__WHAT NEEDS TO BE DONE__. Write out the data word for word and drop any picture you find.

__EXERCISE DATA__.
____________

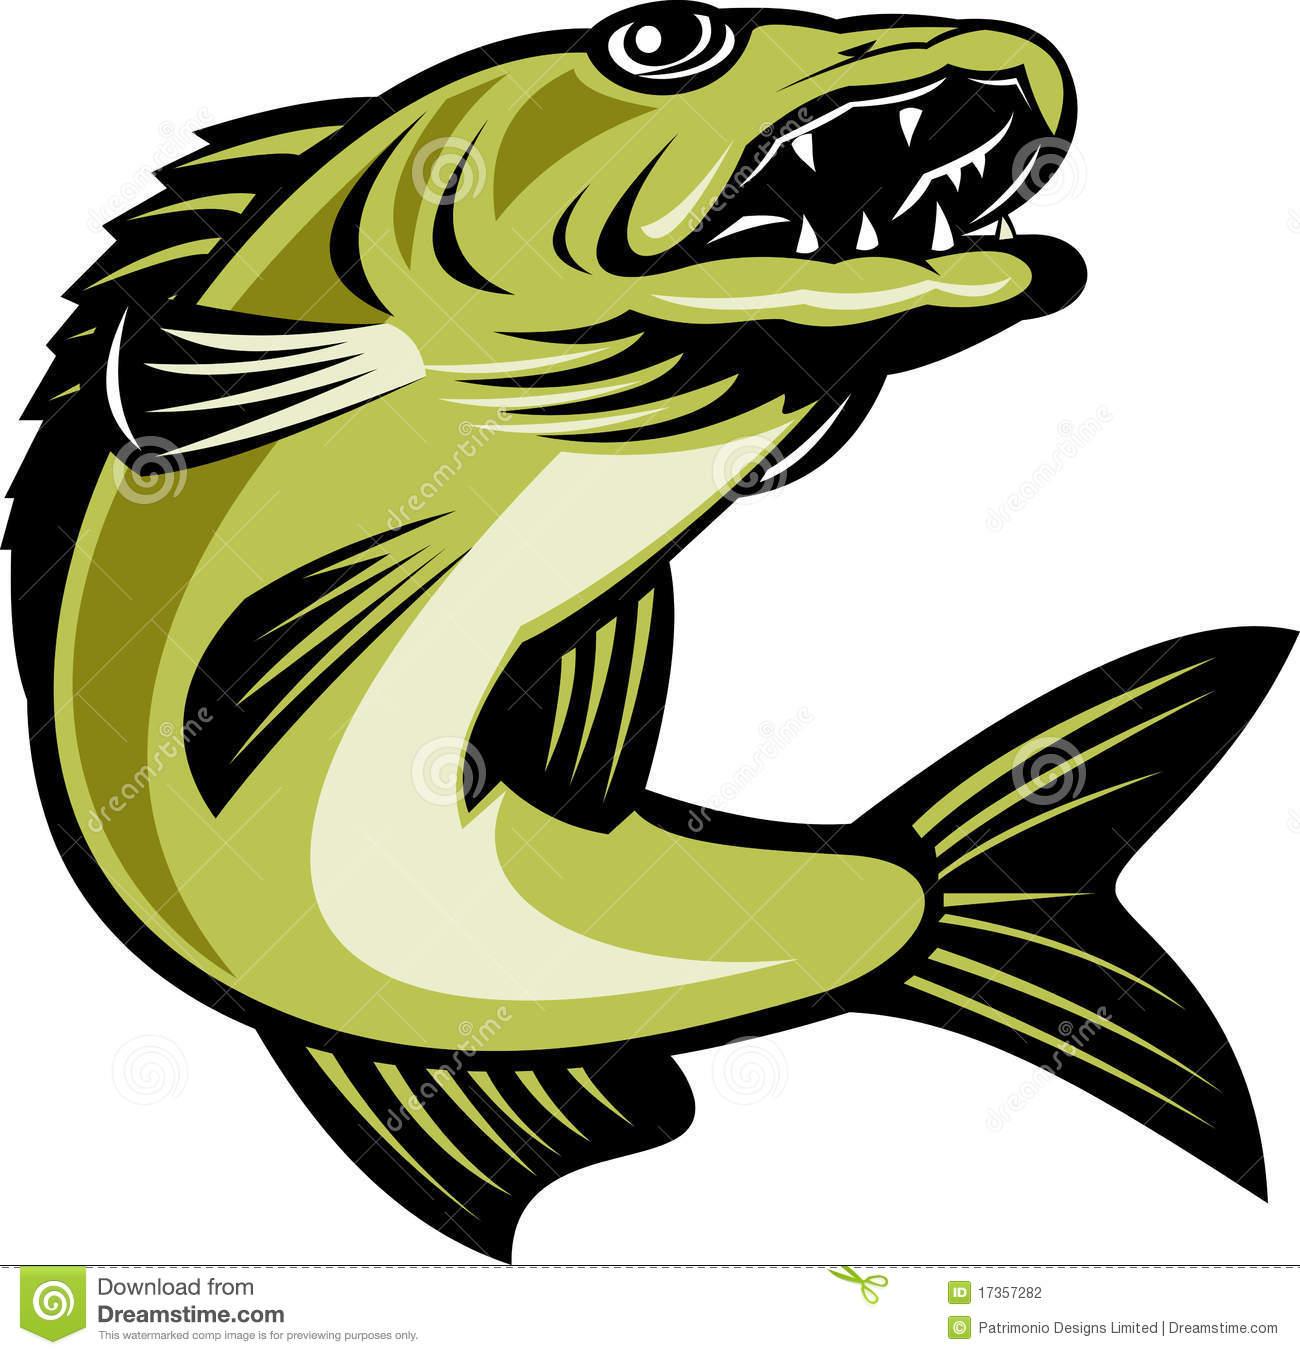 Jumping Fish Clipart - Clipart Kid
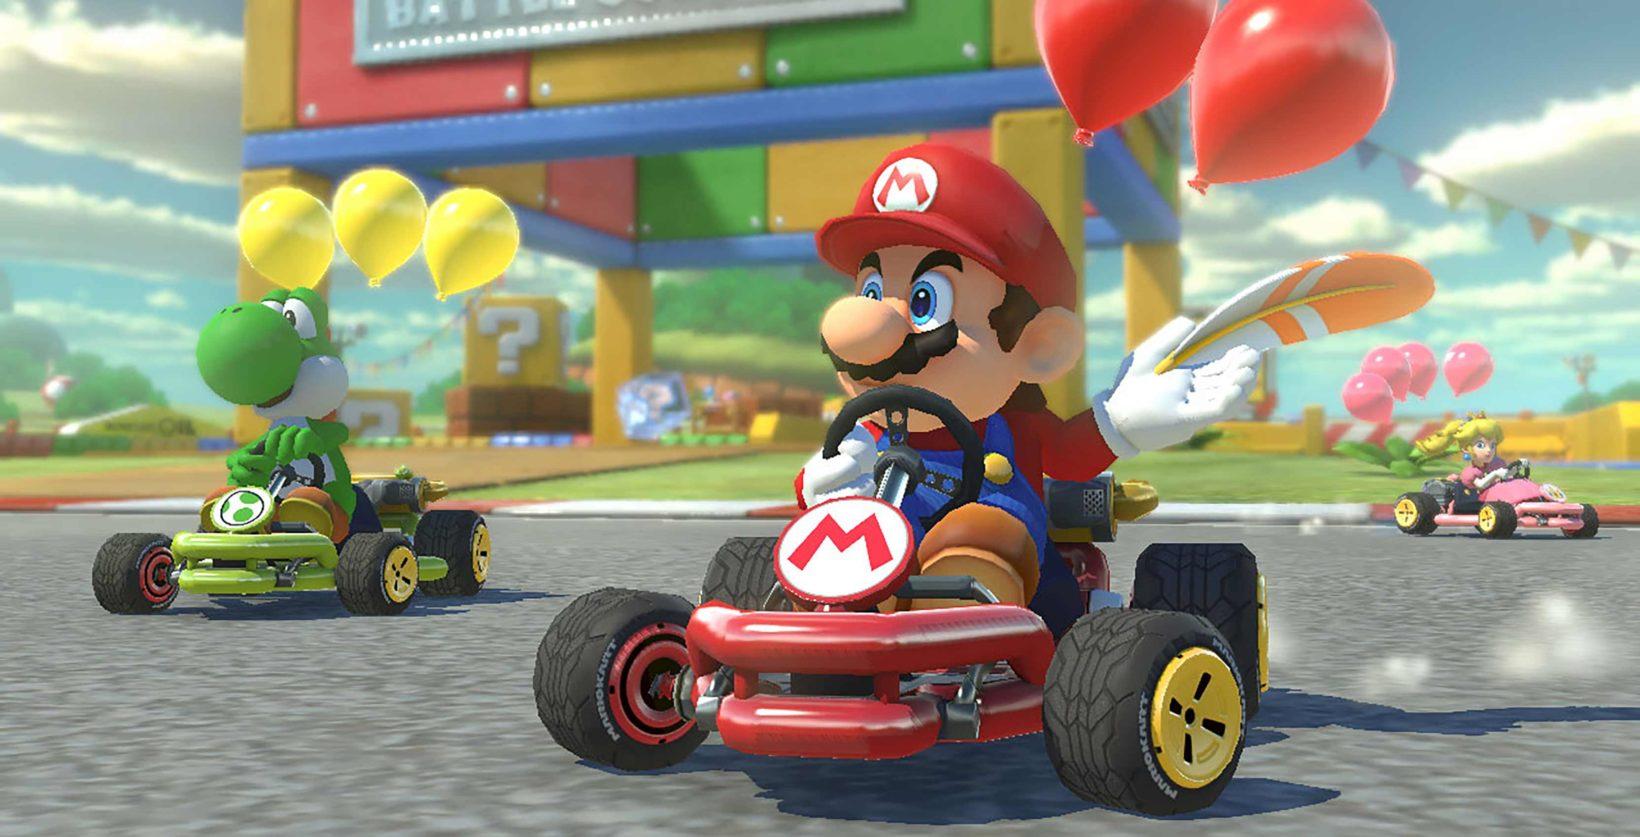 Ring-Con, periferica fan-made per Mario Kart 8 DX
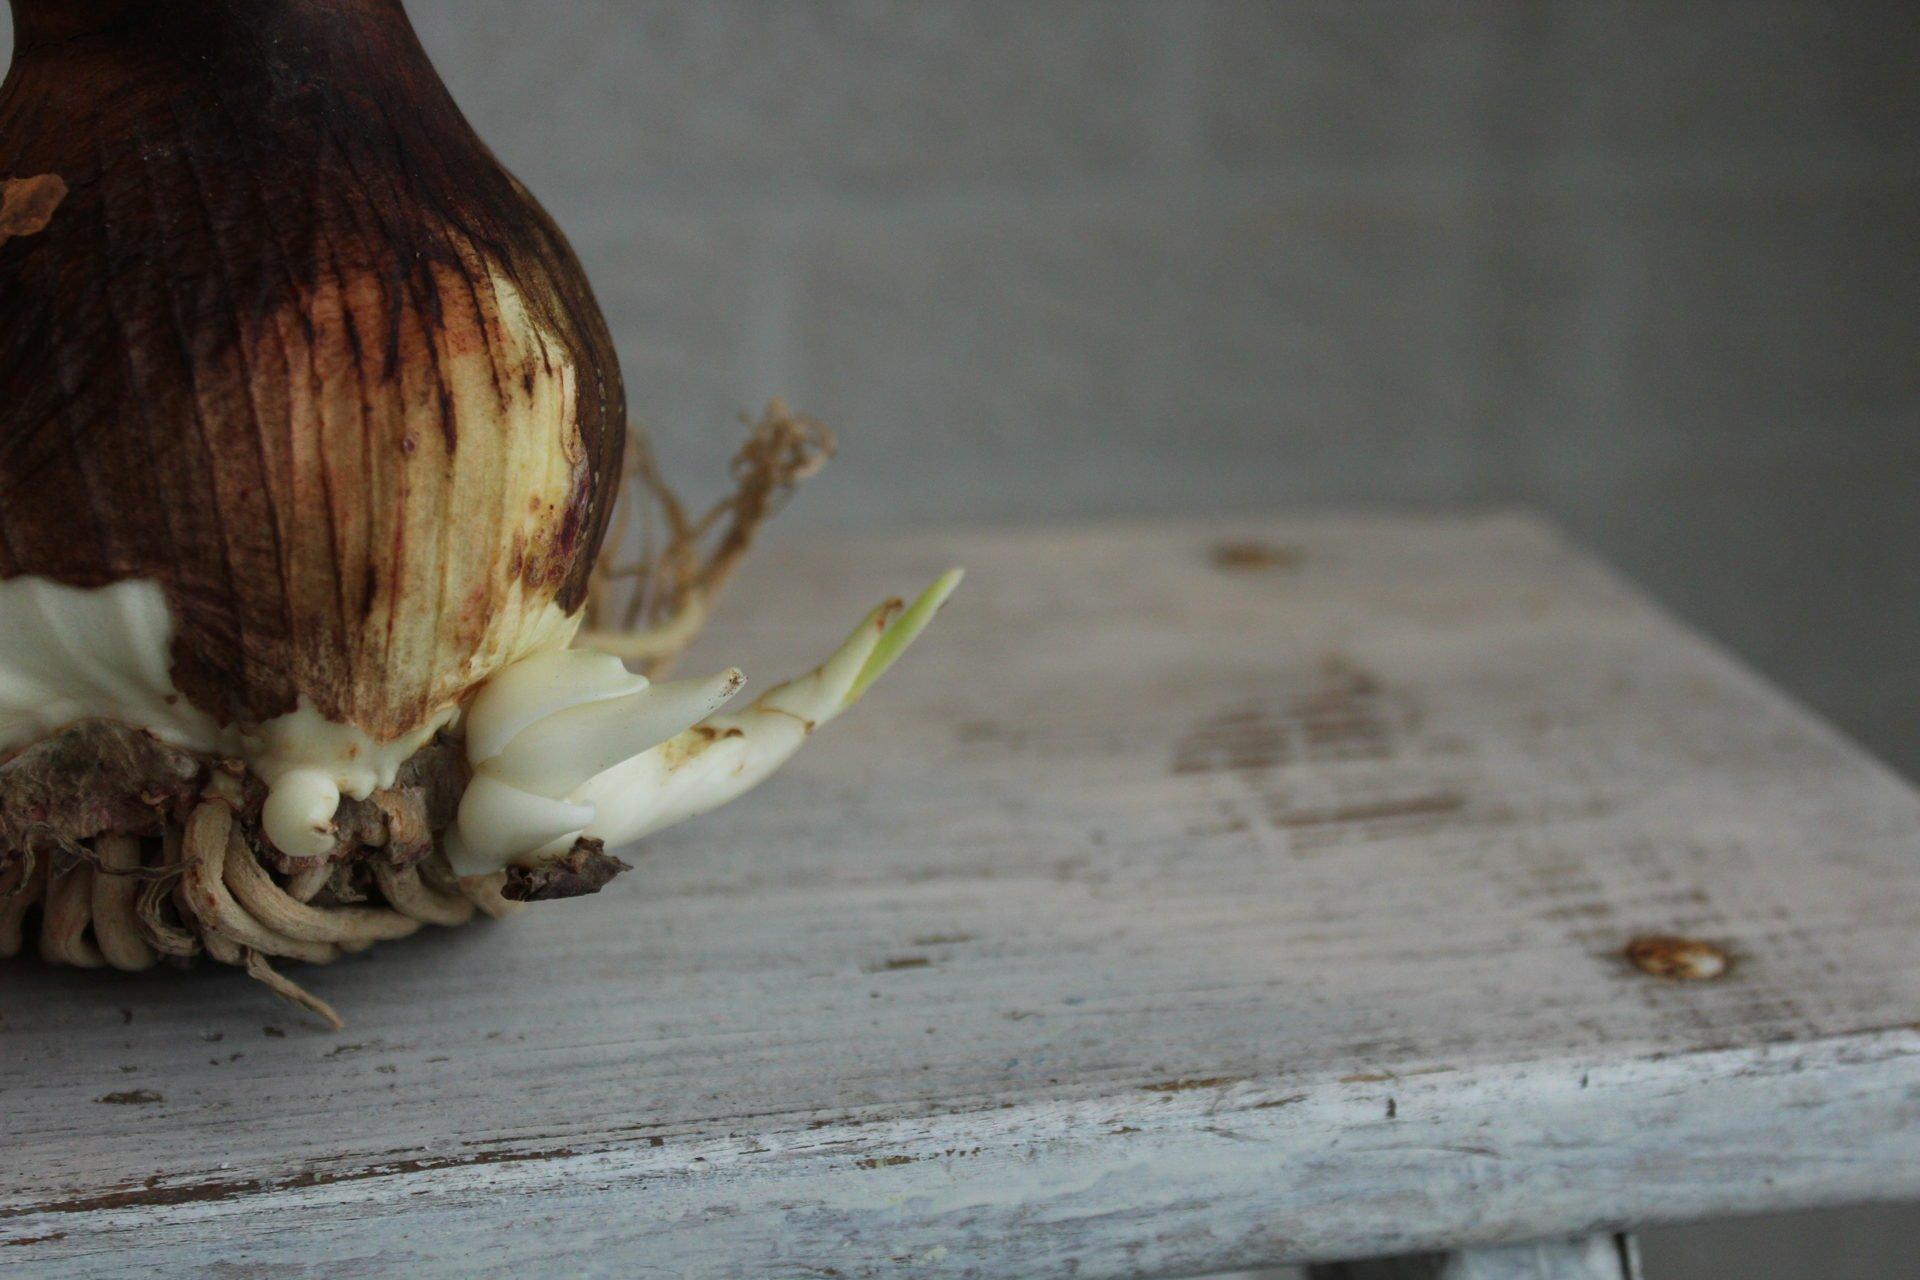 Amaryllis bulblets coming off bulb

____________

__TASK ANSWER__.
 Jumping Fish Clipart - Clipart Kid
 Ring-Con, periferica fan-made per Mario Kart 8 DX
 Amaryllis bulblets coming off bulb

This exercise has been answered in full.